Vício em tecnologia: seremos dependentes das máquinas?

Enviada em 16/05/2025

Na contemporaneidade, a tecnologia ocupa espaço central na vida cotidiana, sendo usada para trabalho, estudo, lazer e socialização. Contudo, o uso excessivo desses recursos tem gerado uma crescente dependência, especialmente entre jovens, que passam horas conectados a celulares e redes sociais. A Organização das Nações Unidas (ONU) já alertou sobre os impactos da hiperconectividade na saúde mental e na produtividade, apontando que o uso descontrolado da tecnologia pode levar ao isolamento social e à redução da qualidade de vida.

Além disso, a literatura também aborda as consequências da submissão humana às máquinas. Na obra Admirável Mundo Novo, de Aldous Huxley, a sociedade é condicionada por tecnologias que moldam pensamentos e comportamentos, eliminando a liberdade individual. Esse paralelo com a atualidade evidencia que, ao permitir que as máquinas influenciem nossas decisões, perdemos autonomia e senso crítico. A naturalização do vício em tecnologia transforma um instrumento de progresso em uma armadilha invisível.

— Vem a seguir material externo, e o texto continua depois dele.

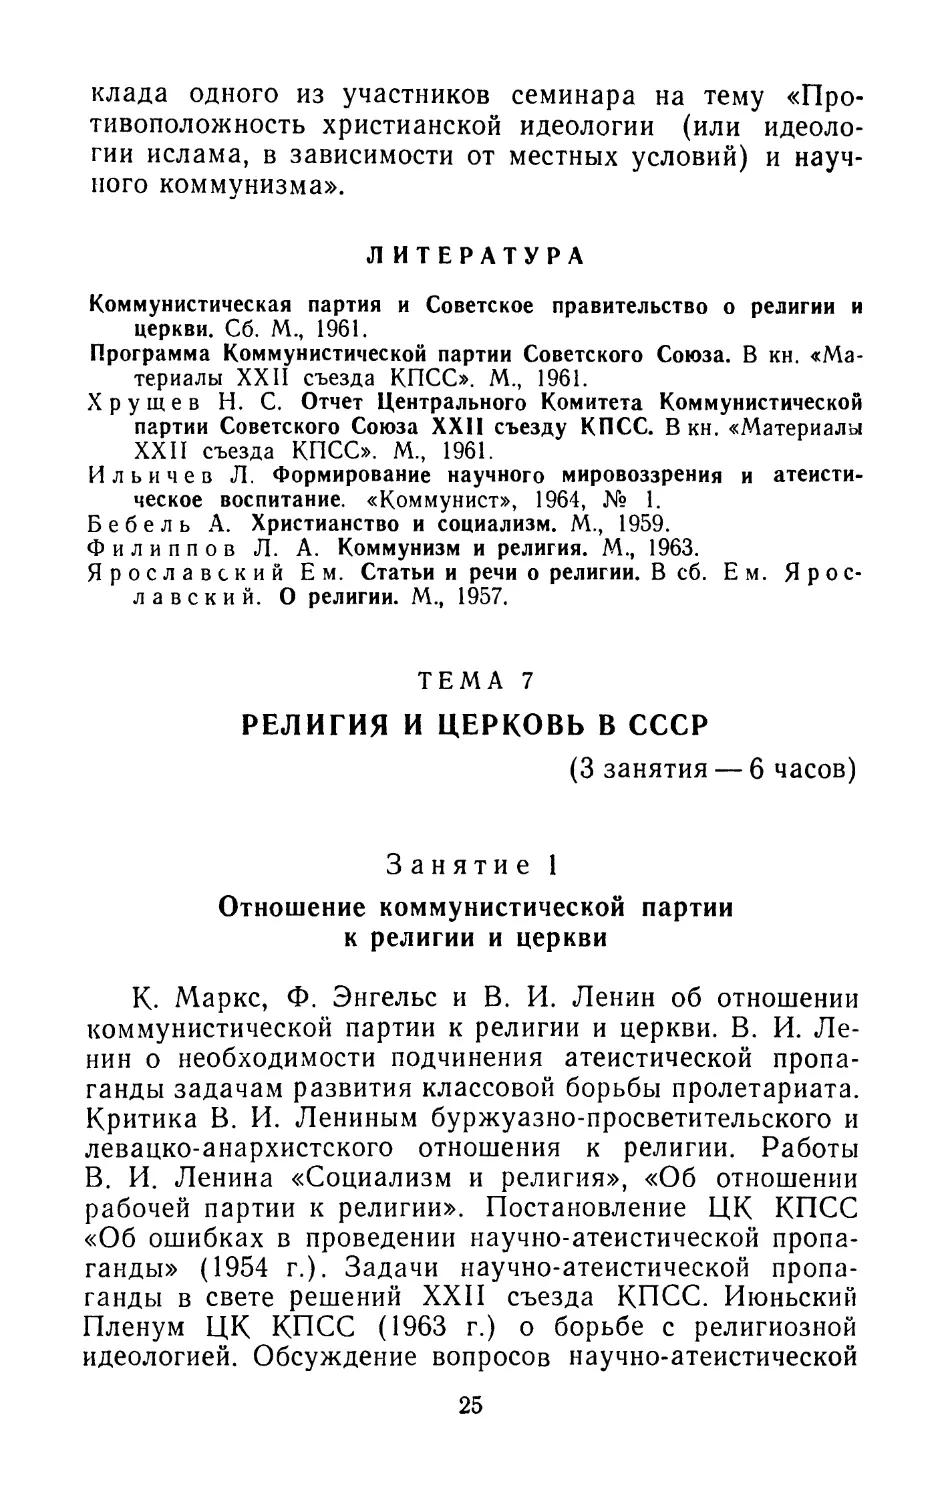 Литература
Тема 7. Религия и церковь в СССР

O problema se intensifica pela ausência de uma educação digital eficaz, que ensine o uso consciente das ferramentas tecnológicas. Muitas famílias e escolas falham ao lidar com essa nova realidade, contribuindo para o agravamento do vício. De acordo com dados da Unesco, o equilíbrio entre o uso tecnológico e a vida offline é essencial para o desenvolvimento saudável, sendo necessária uma abordagem preventiva desde a infância.